Many are predicting that in the coming months and years, desktops will become less and less prevalent in favor of mobile devices such as smartphones and tablets. We are already seeing the beginning stages of this shift in how we do work. More and more workplaces are supporting “bring your own device” (BYOD) policies, a practice that was unheard of just a few years prior. As the capabilities of tablets (such as the Windows 8 tablet, iPad, Google Nexus, and Android tablets) continue to rise, the ability of companies to accommodate the increasing mobility of the workforce becomes crucial.
The consumerization of IT refers to the movement of customers and employees driving the innovation behind technology (as opposed to companies doing so in the past). Forward-thinking companies will embrace this new trend and look to provide support for the various devices in the form of 3rd-party apps that can manage information security, content management and/or accomplish business needs. As more companies embrace this trend, we will see an increase in the number of tablet-friendly business software solutions such as resco.net’s mobile CRM or SugarCRM’s mobile CRM. To quote former Amazon Web Services Executive Ray Bradford, “I wouldn’t want to be an enterprise software company without a strong vision of how to deliver on a tablet.”
While we all know that cloud computing isn’t some new or unheard-of technology, it is a trend that continues to dictate the direction of the entire business software market. We will continue to see increases in cloud-based services, in part due to the large increase in BYOD policies. Because of the nature of cloud computing and its ability to rapidly transform business processes we will continue to see its rise and relevancy for some time to come. Cloud capabilities also go hand in hand with quickly growing software delivery models such as software-as-a-service (SaaS) and hardware-as-a-service (HaaS). These service-oriented delivery methods are able to cut costs on IT, HR, and sales management, along with building and improving customer loyalty and engagement.
Even powerhouses like Microsoft are still migrating/innovating in the cloud platform. They recently consolidated and launched their Business Intelligence (BI) suite as a part of Office 365. This brings Microsoft BI capabilities to both the cloud and mobile devices. Microsoft Sharepoint has also become cloud-based and will now be offered on a subscription basis.

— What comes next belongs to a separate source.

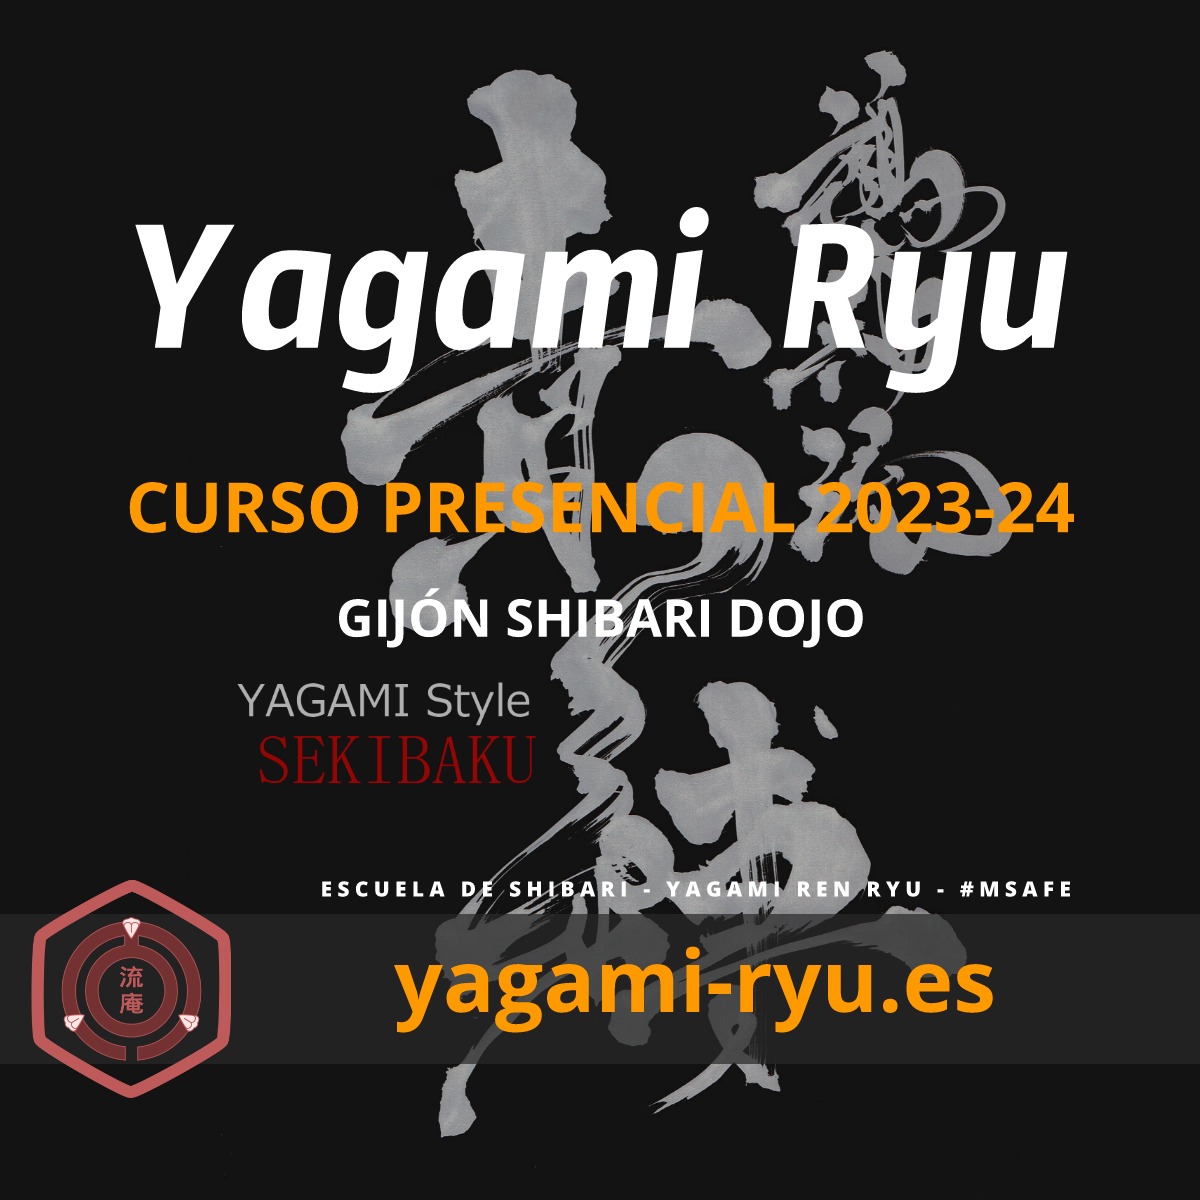 Curso presencial Yagami Ryu

While big data is still highly relevant and continues to gain traction, another lesser-known but equally promising piece of technology is emerging as well. In-memory analytics refers to querying data from a computer’s RAM instead of its hard drive (where it’s usually stored). In-memory analytics is possible because of the increase in 64-bit operating systems and its adoption. A traditional 32-bit OS can only support 4GB of memory, but a 64-bit one can support up to 1 terabyte of usable memory. Additionally, the cost of RAM has steadily declined over the past several years, so storing data on it has become more viable and desirable. The main advantage of in-memory analytics is that it has vastly shorter query response times. This means that BI and analytics can achieve results faster and support business decisions more quickly.
The two companies leading the in-memory charge are: SAP and Tableau. Both of them offer in-memory analytics as a way to transform businesses and increase the speed at which they can calculate and process data. They also reduce or eliminate the need for data indexing, which reduces IT costs and allows for faster implementation of BI and analytic applications. SAP’s HANA in particular is a software group that is centered around in-memory analytics and is the fastest growing product in SAP’s history.
While many tech trends can occur or disappear rapidly, many are also here to stay. Even in future quarters we will continue to see the rise of trends like BYOD and mobile enterprise capabilities, cloud services, and big data-related technologies. While the overall trend itself may not change much month to month, innovation within is always occurring. While cloud adoption is popular now, there are also strides being made in how to use it more effectively: how to draw more value from its adoption. Similarly, big data will be here for some time, but figuring out ways to use it effectively and in non-traditional ways will foster continued innovation and growth in that area.